(Data segment)
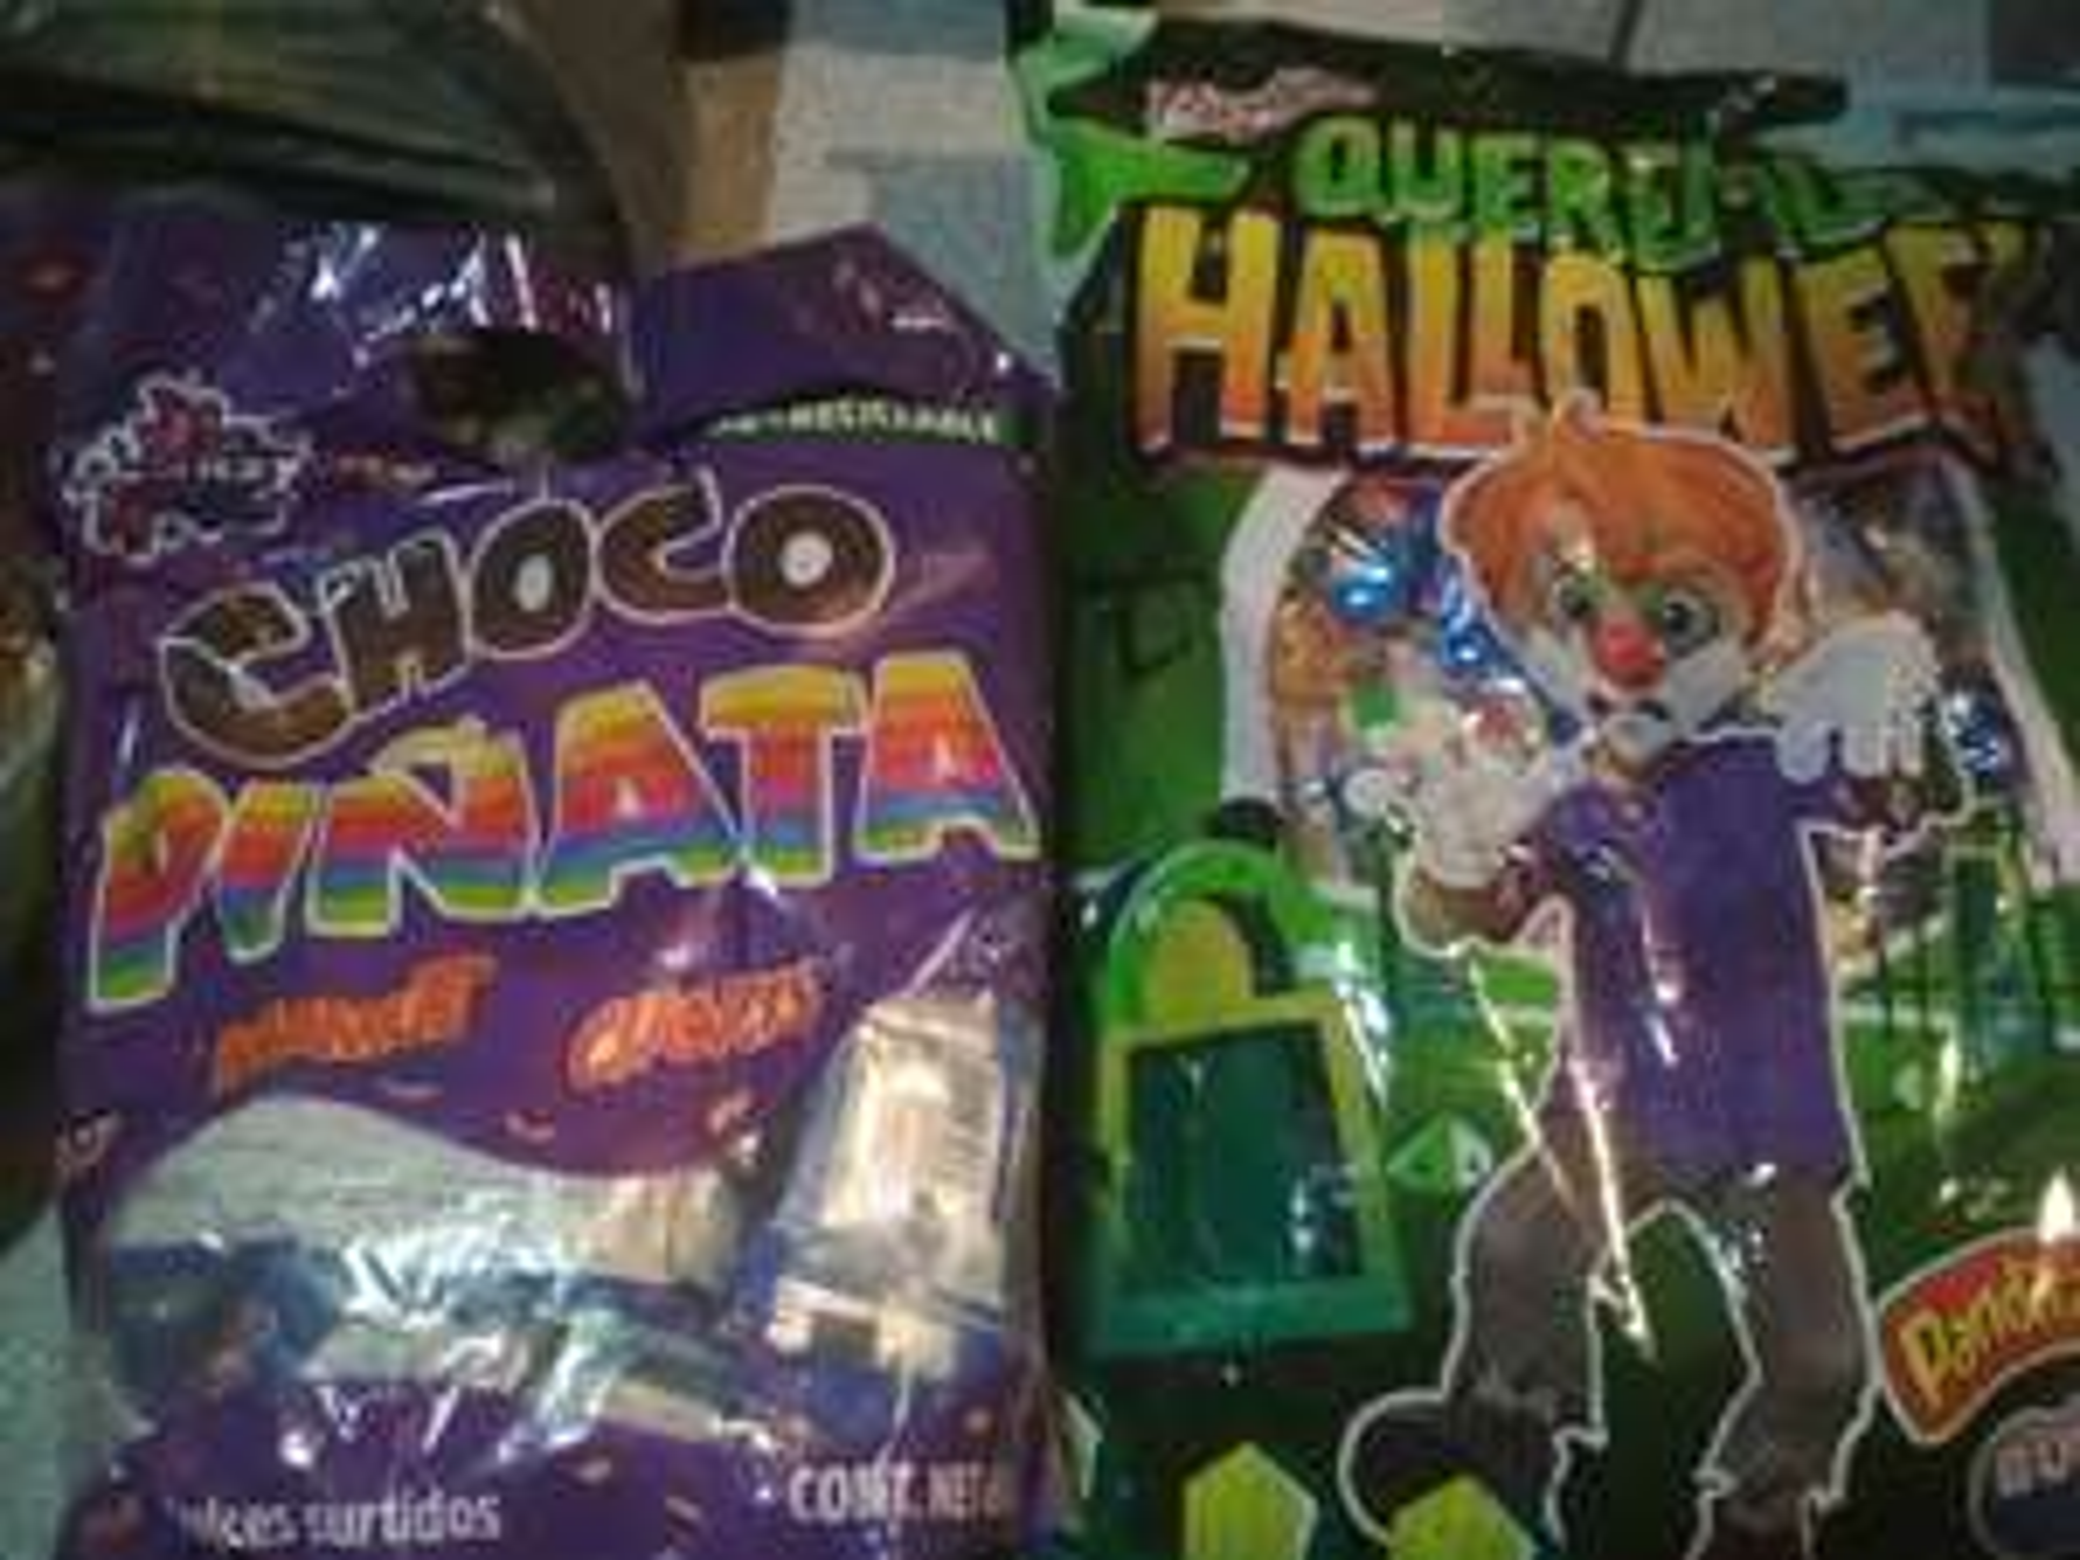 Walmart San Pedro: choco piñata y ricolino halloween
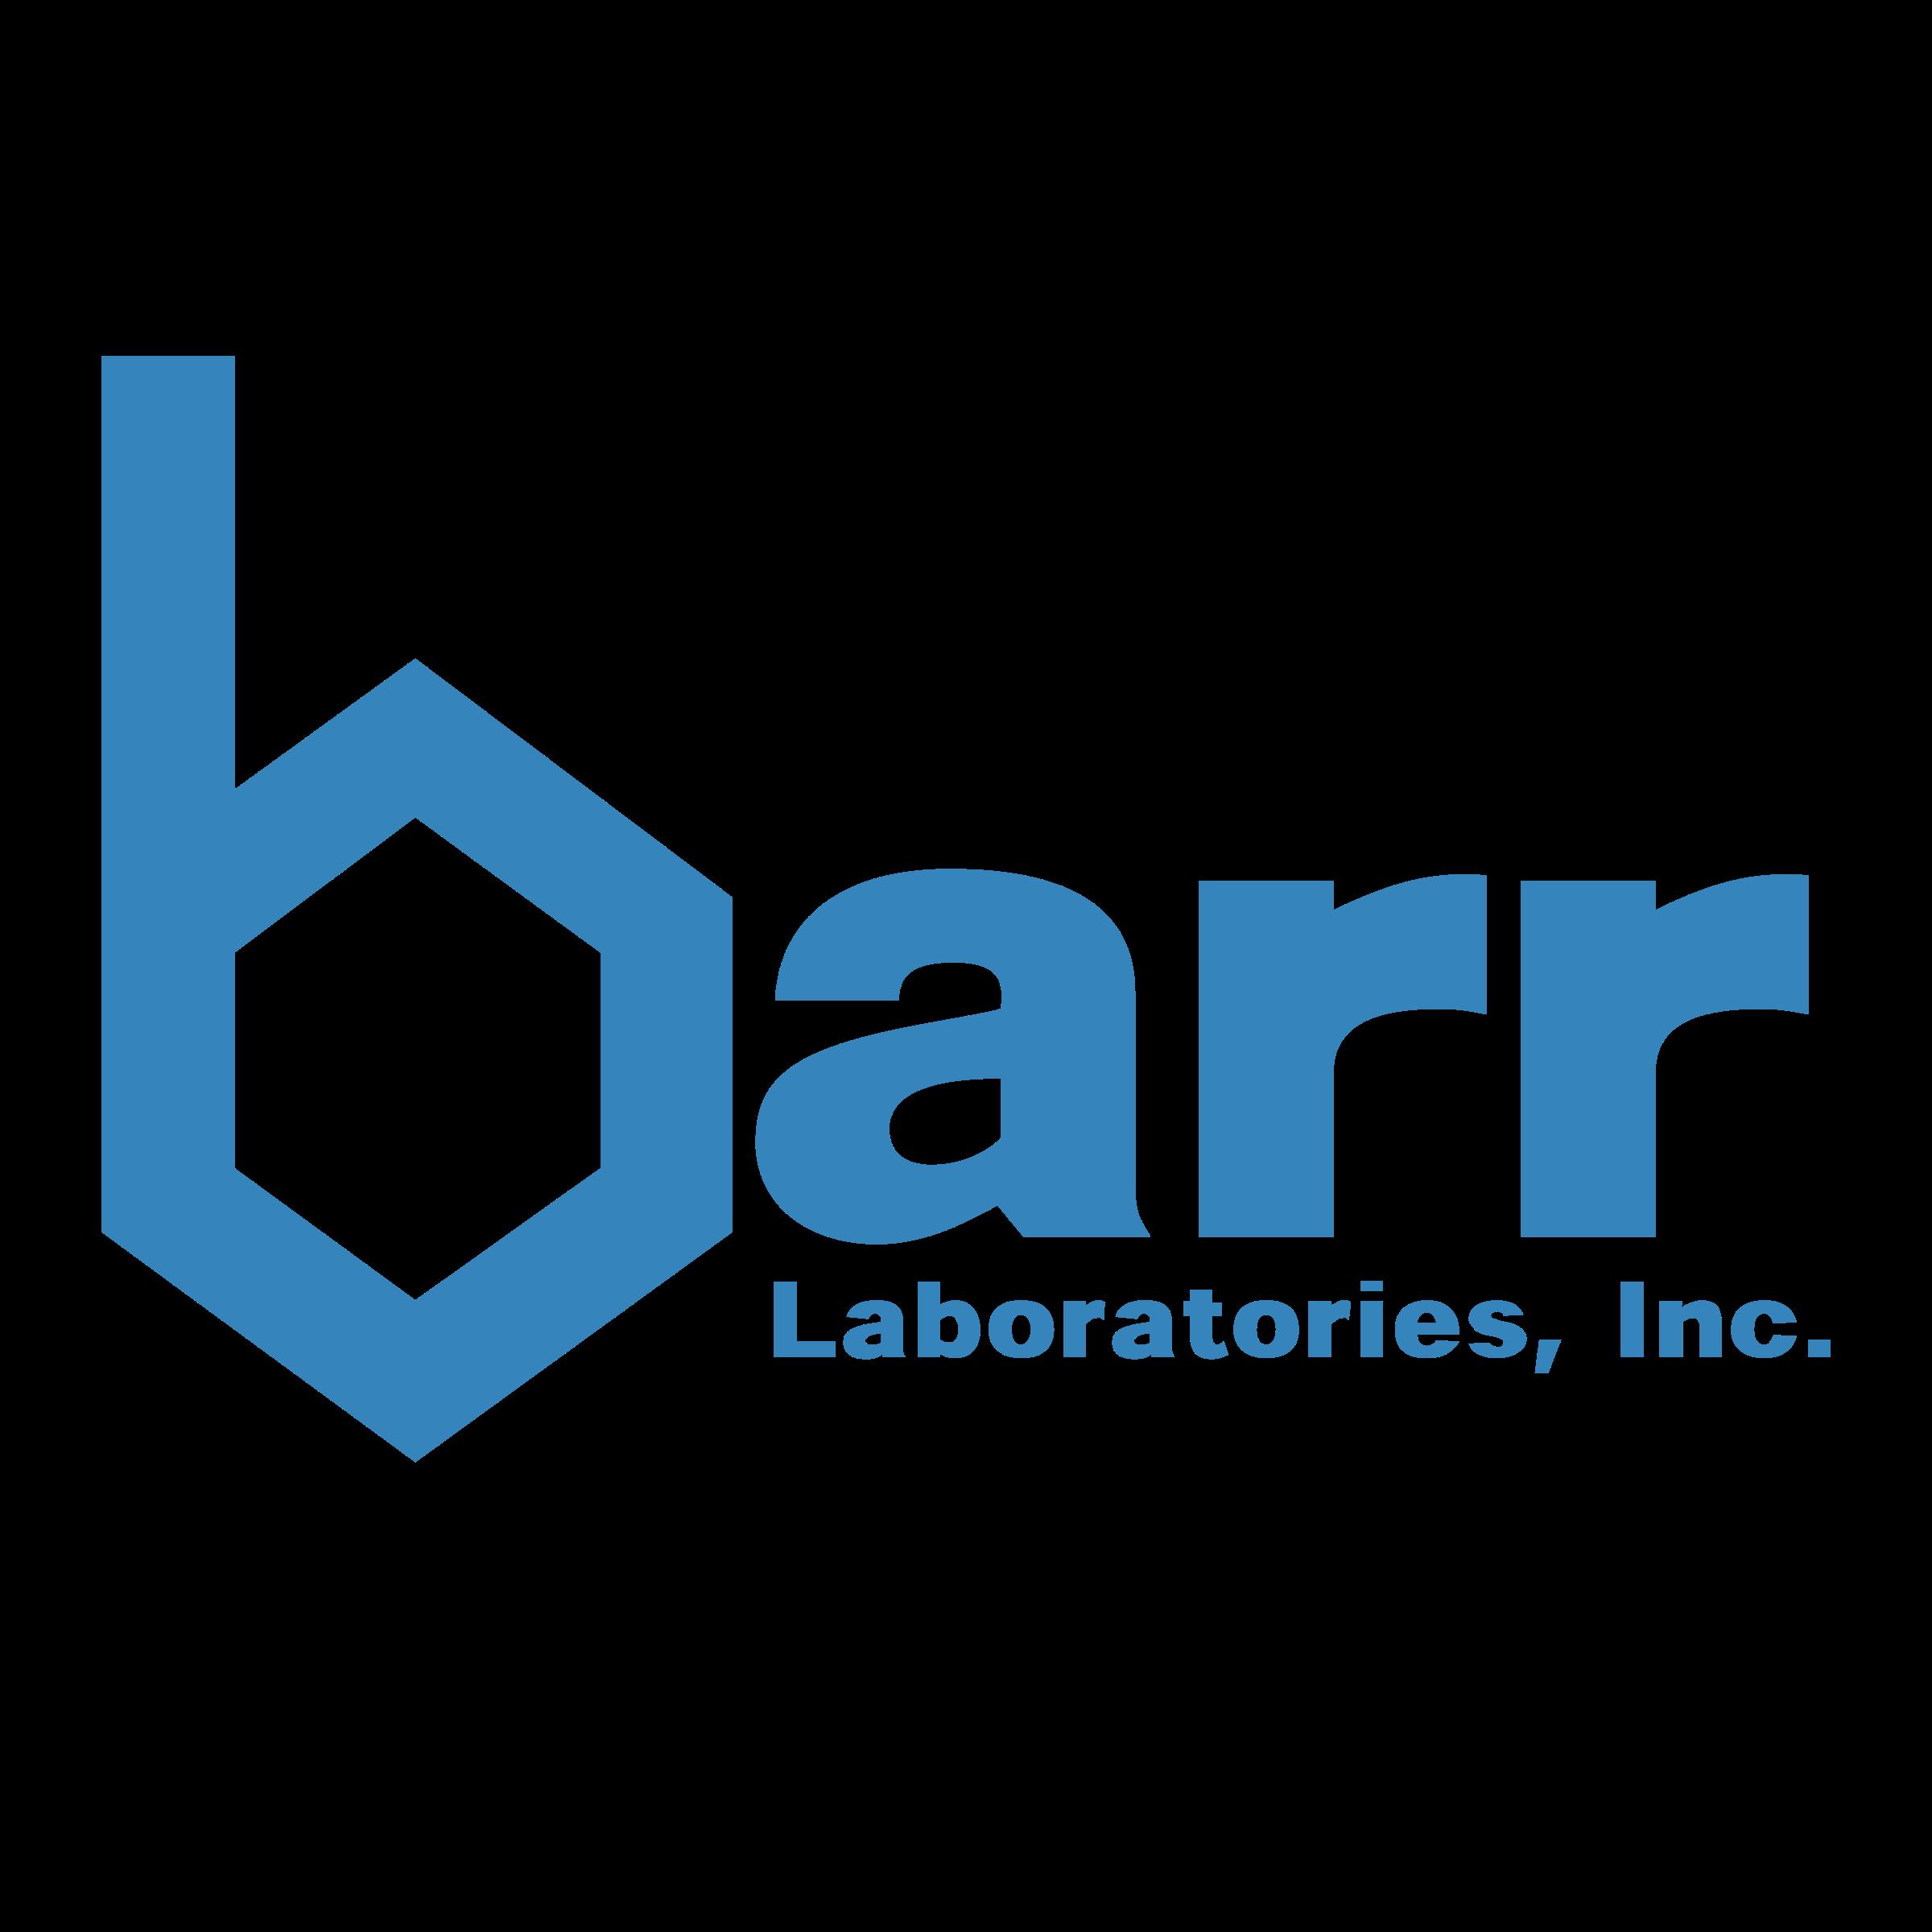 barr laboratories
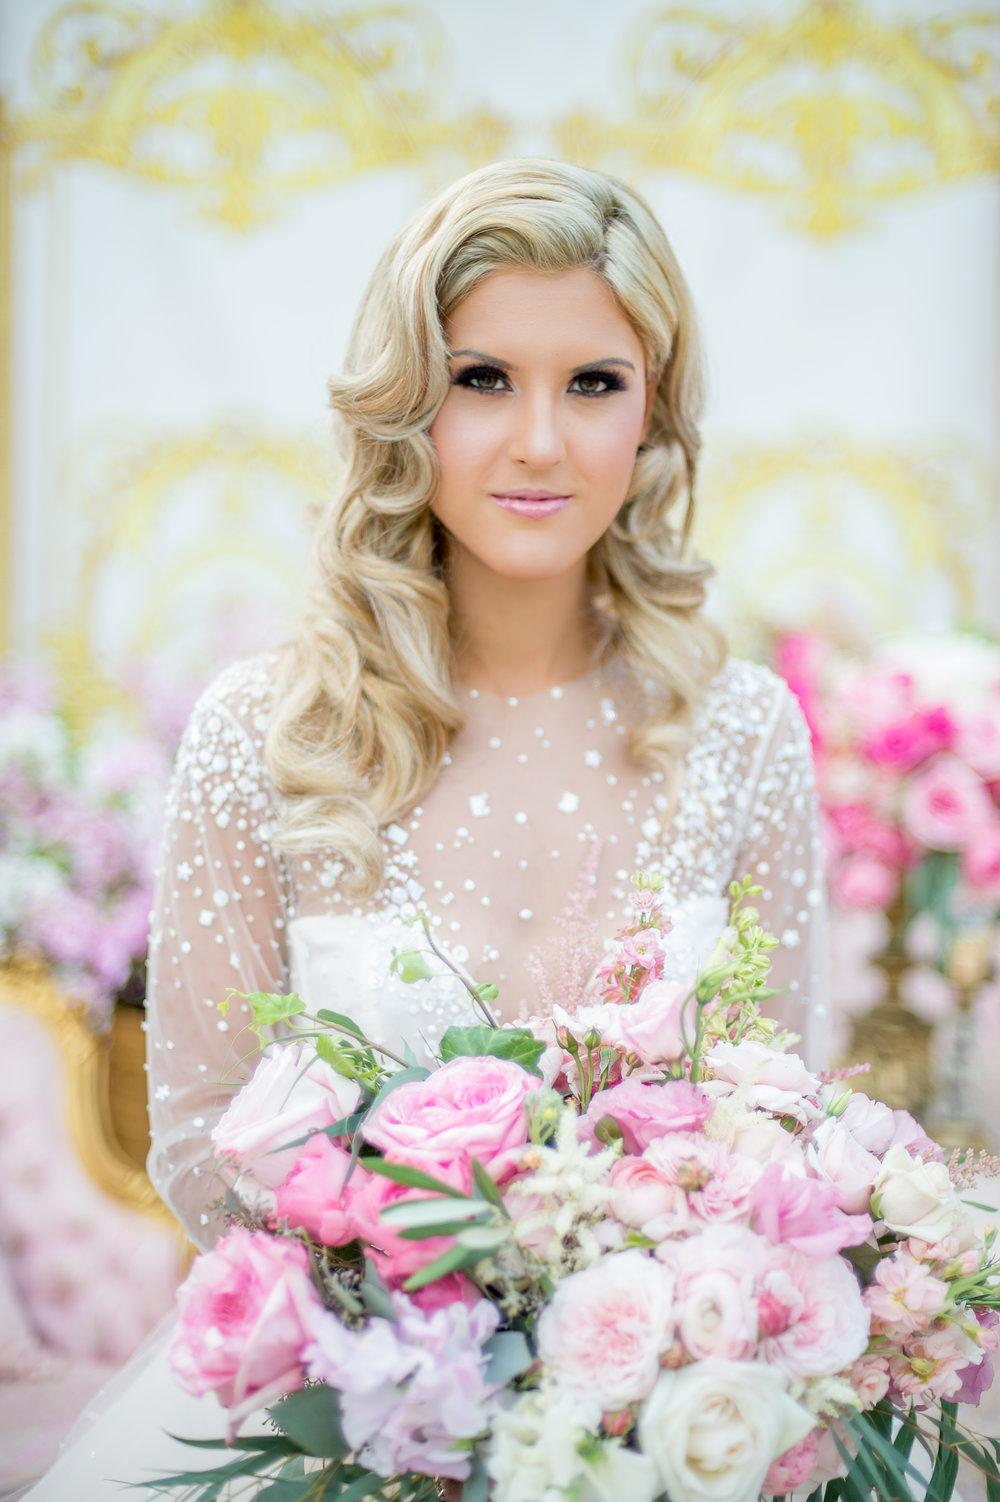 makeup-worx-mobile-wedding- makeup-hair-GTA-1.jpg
(End Data segment)
For this step, transcribe all the material above exactly and drop the images.

 Walmart San Pedro: choco piñata y ricolino halloween
 barr laboratories
 makeup-worx-mobile-wedding- makeup-hair-GTA-1.jpg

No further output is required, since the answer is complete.